Almost imperceptibly, Lewis’ face, distorted into a silent scream, turns into a radiant laugh. With her open arms raised high, she gradually clenches one hand into a fist, ready to strike, a gesture which in turn morphs into one of defence. Facing the audience with a look of astonishment, she stretches her hands out towards them, now kneeling. Once she has slowly got up again, her body vibrating, the sounds of Ensemble Nikel gently increase in volume and penetrate the silence, which until now had only been filled with the sound of her breathing, and as the stage lights keep getting brighter, Lewis’ fists open in the triumphant final gesture of a star – an image as if for eternity.

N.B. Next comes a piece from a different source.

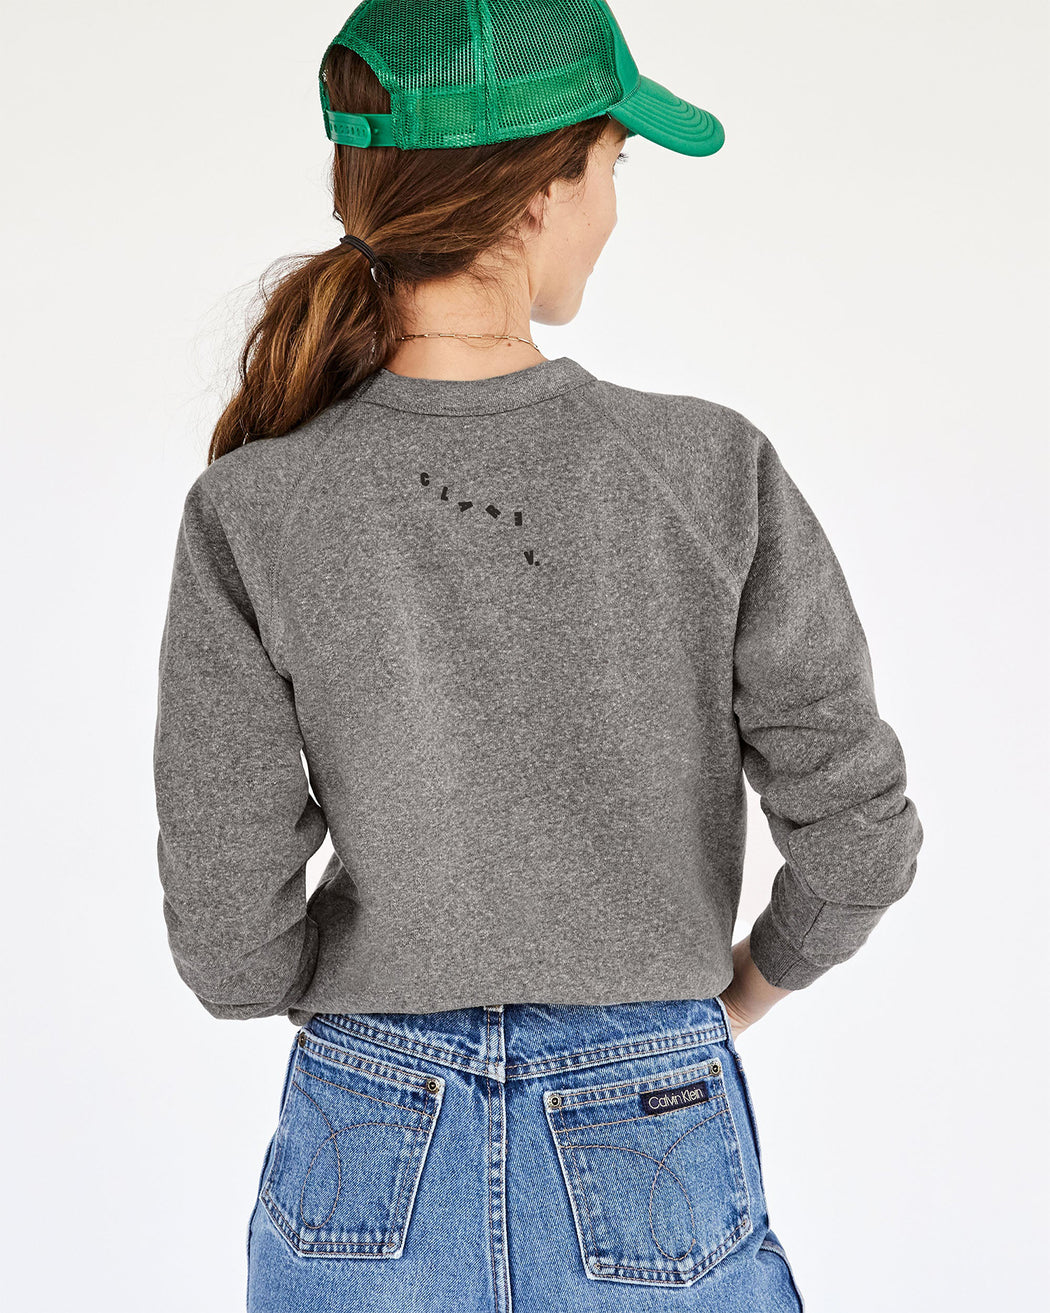 Masculin Féminin Sweatshirt – Grey

Since Lewis’ sculptural dance performance and Barden’s continuously transforming music are juxtaposed and neither art form is subordinated to the other, a tension arises from their temporal sequence that allows the two forms of expression to comment on, illuminate and expand each other. While watching, Lewis’ fluid gestures between submission, resistance and triumph combine with the recollection of Barden’s composition – which incorporates and musically transforms the ambiguous signs from the performance – and induce reflection: in this constellation rich in associations, a mental space opens up to the audience, which forces them, too, to question their own position within hierarchical structures in this seemingly endless game of transformation and revelation.

While Barden’s and Lewis’ approach breaks down the normative configurations of watching and listening in favour of exploring the situational moment, thereby creating an imaginative space between body and sound, they also create a moment of productive insecurity in the process. Since music and dance in Limina/Sensation 1 do not follow the conventional rules of representation and, moreover, only make these visible through their complicity, the audience find themselves in a kind of flow between the two worlds, as a result of which the inner and outer alienation Lewis conveys by separating body and voice can be experienced as being capable of change: the maltreated but no less resistant physical substance of humans in Lewis’ piece transforms with the delicate guitar sounds of rebellion in Barden’s work into a utopian moment that calls the supposed reality into question and carries the possibility of real action within itself: arising from the silence of mysterious self-knowledge.

 

 

Christina Kaindl-Hönig studied theatre studies and philosophy in Vienna. She was a lecturer at the Department of Theatre, Film and Media Studies at the University of Vienna from 2009 to 2018, as well as Dramatic Advisor at the Salzburg Festival. Her monograph Theater ohne Illusionen. Georg Büchners Ästhetik der Emanzipation was published in 2011. She works as a theatre scholar, theatre critic and freelance writer. Publications in specialist journals as well as in Austrian and international print media. Frequently serves as a panel judge for theatre and literature.